Problem source

The curve $C$ has the differential equation in polar coordinates
\[
\frac{\mathrm{d}^{2}r}{\mathrm{d}\theta^{2}}+4r=5\sin3\theta,\qquad\text{for }\quad\frac{\pi}{5}\leqslant\theta\leqslant\frac{3\pi}{5},
\]
and, when $\theta=\dfrac{\pi}{2},$ $r=1$ and $\dfrac{\mathrm{d}r}{\mathrm{d}\theta}=-2.$ 
Show that $C$ forms a closed loop and that the area of the region enclosed by $C$ is 
\[
\frac{\pi}{5}+\frac{25}{48}\left[\sin\left(\frac{\pi}{5}\right)-\sin\left(\frac{2\pi}{5}\right)\right].
\]

Solution source

First we seek the complementary function.
\begin{align*}
&& \frac{\mathrm{d}^{2}r}{\mathrm{d}\theta^{2}}+4r &= 0 \\
\Rightarrow && r &= A \sin 2\theta + B \cos 2 \theta
\end{align*}

Next we seek a particular integral, of the form $r = C \sin 3 \theta$.

\begin{align*}
&& \frac{\mathrm{d}^{2}r}{\mathrm{d}\theta^{2}}+4r &= 5 \sin 3 \theta \\
\Rightarrow && -9C \sin 3 \theta + 4C \sin 3 \theta &= 5 \sin 3 \theta \\
\Rightarrow && C &= -1 \\
\end{align*}

So our general solution is $A \sin 2\theta + B \cos 2 \theta -\sin 3 \theta$.
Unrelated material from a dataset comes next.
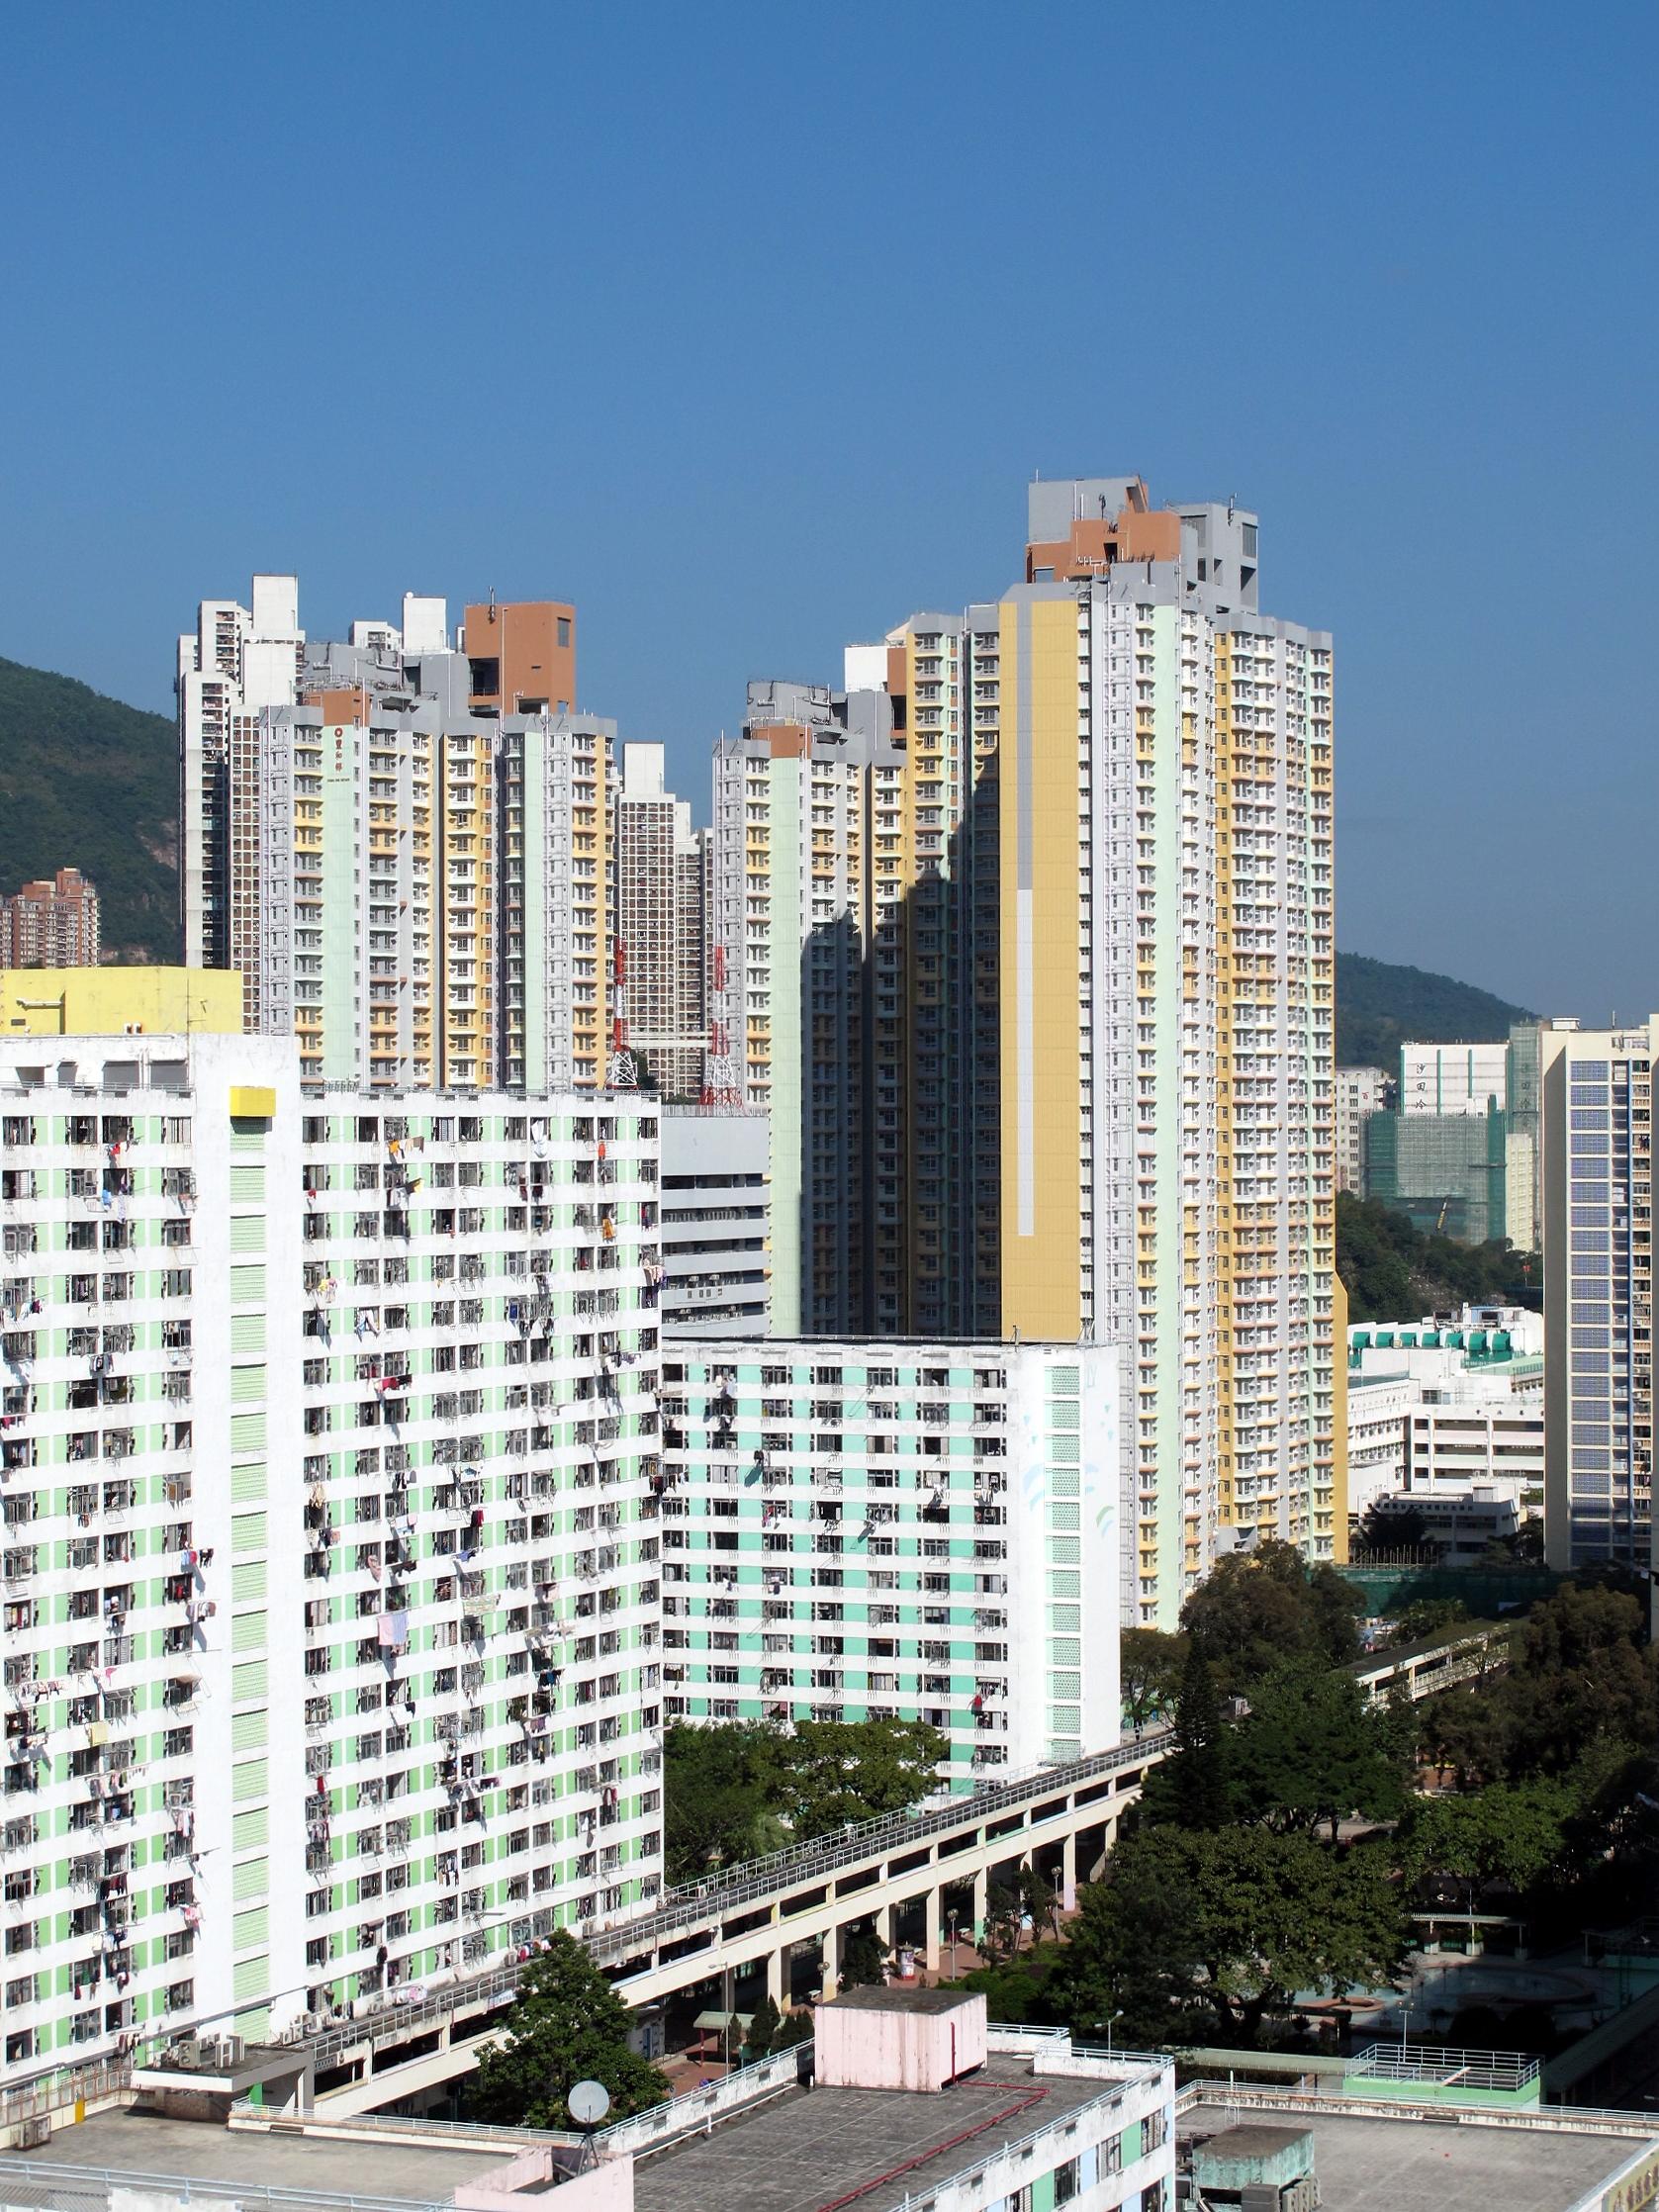 Fung_Wo_Estate_Site_View_jpg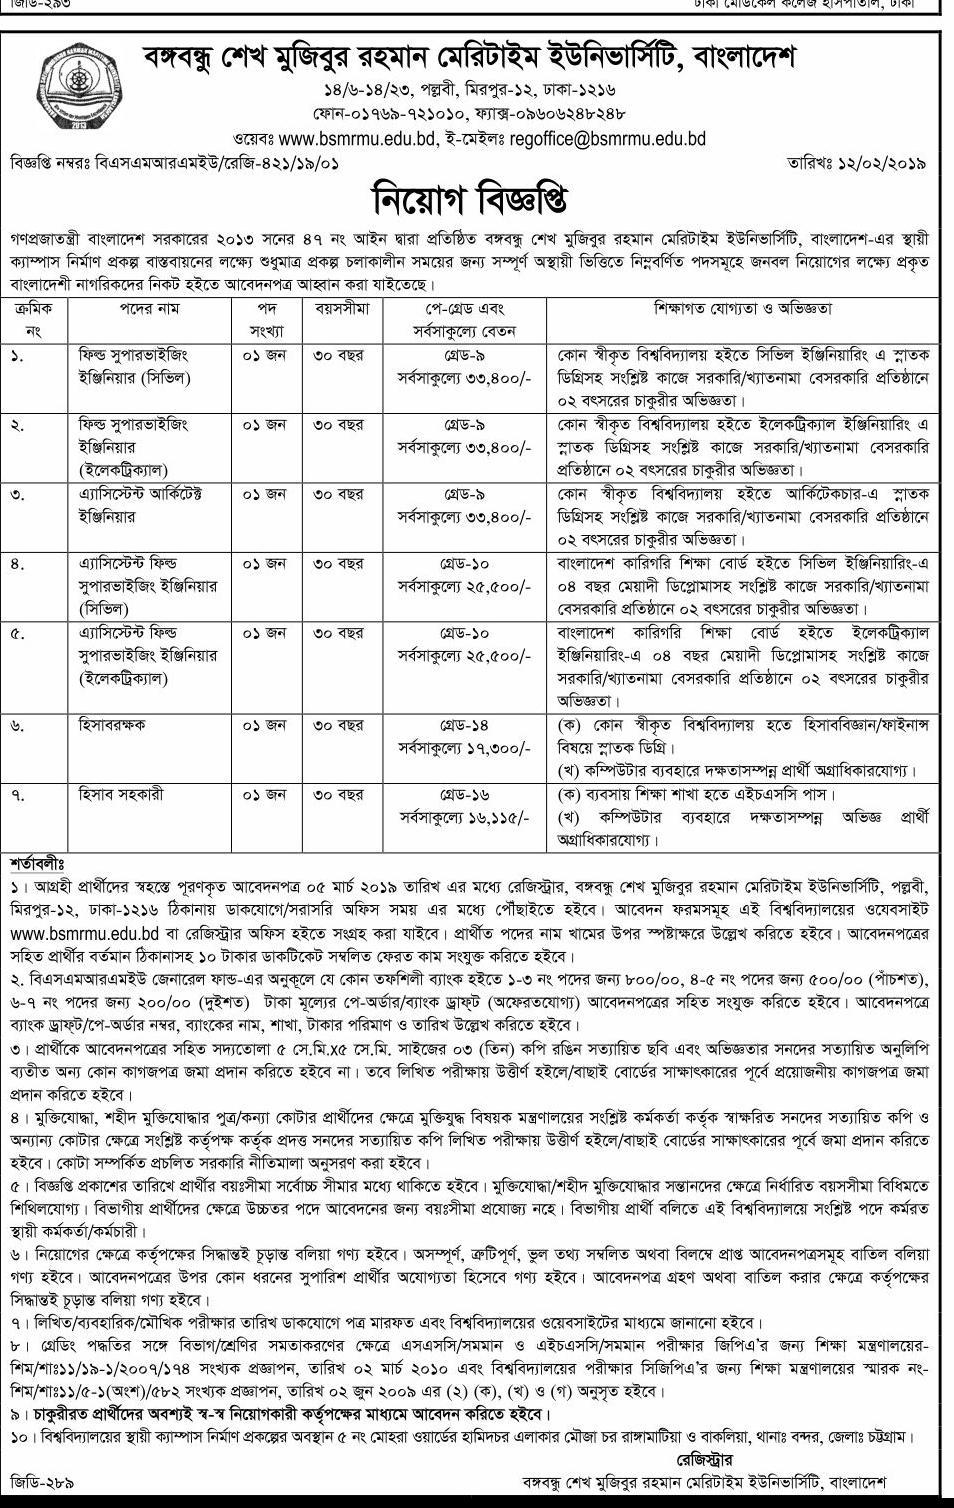 Bangabandhu Sheikh Mujibur Rahman Maritime University (BSMRMU) Job Circular 2019

Plugging in boundary conditions we obtain:

\begin{align*}
\theta = \frac{\pi}{2}, r = 1: &&1 &=  -B +1 \\
\Rightarrow && B &= 0 \\
\theta = \frac{\pi}{2}, \frac{\d r}{\d \theta} = -2: && -2 &= -2A \\
\Rightarrow && A &= 1
\end{align*}

So the general solution is $r = \sin 2 \theta  - \sin 3 \theta = 2 \sin \left ( \frac{-\theta}{2} \right) \cos \left (\frac{5 \theta}{2} \right)$

First notice that for $\theta \in \left [\frac{\pi}{5}, \frac{3 \pi}{5} \right]$ this is positive, and it is zero on the end points, therefore we are tracing out a a loop.

The area of the loop will be:

\begin{align*}
A &= \int_{\pi/5}^{3\pi/5} \frac12 \left ( \sin 2 \theta - \sin 3 \theta \right)^2 \d \theta \\
&= \frac12\int_{\pi/5}^{3\pi/5}  \sin^2 2\theta + \sin^2 3 \theta - 2 \sin 2 \theta \cos 3 \theta  \d \theta \\
&= \frac12\int_{\pi/5}^{3\pi/5}  \frac{1-2 \cos 4 \theta}{2} + \frac{1-2 \cos6 \theta}{2} - \sin5 \theta-\cos\theta  \d \theta \\
&= \frac12 \left [\theta - \frac14 \sin 4 \theta-\frac16 \sin 6 \theta + \frac15 \cos 5 \theta  - \sin \theta \right]_{\pi/5}^{3\pi/5} \\
&= \frac{\pi}{5} +\frac{25}{48}\left [ \sin\left(\frac{\pi}{5}\right)-\sin\left(\frac{2\pi}{5}\right) \right]
\end{align*}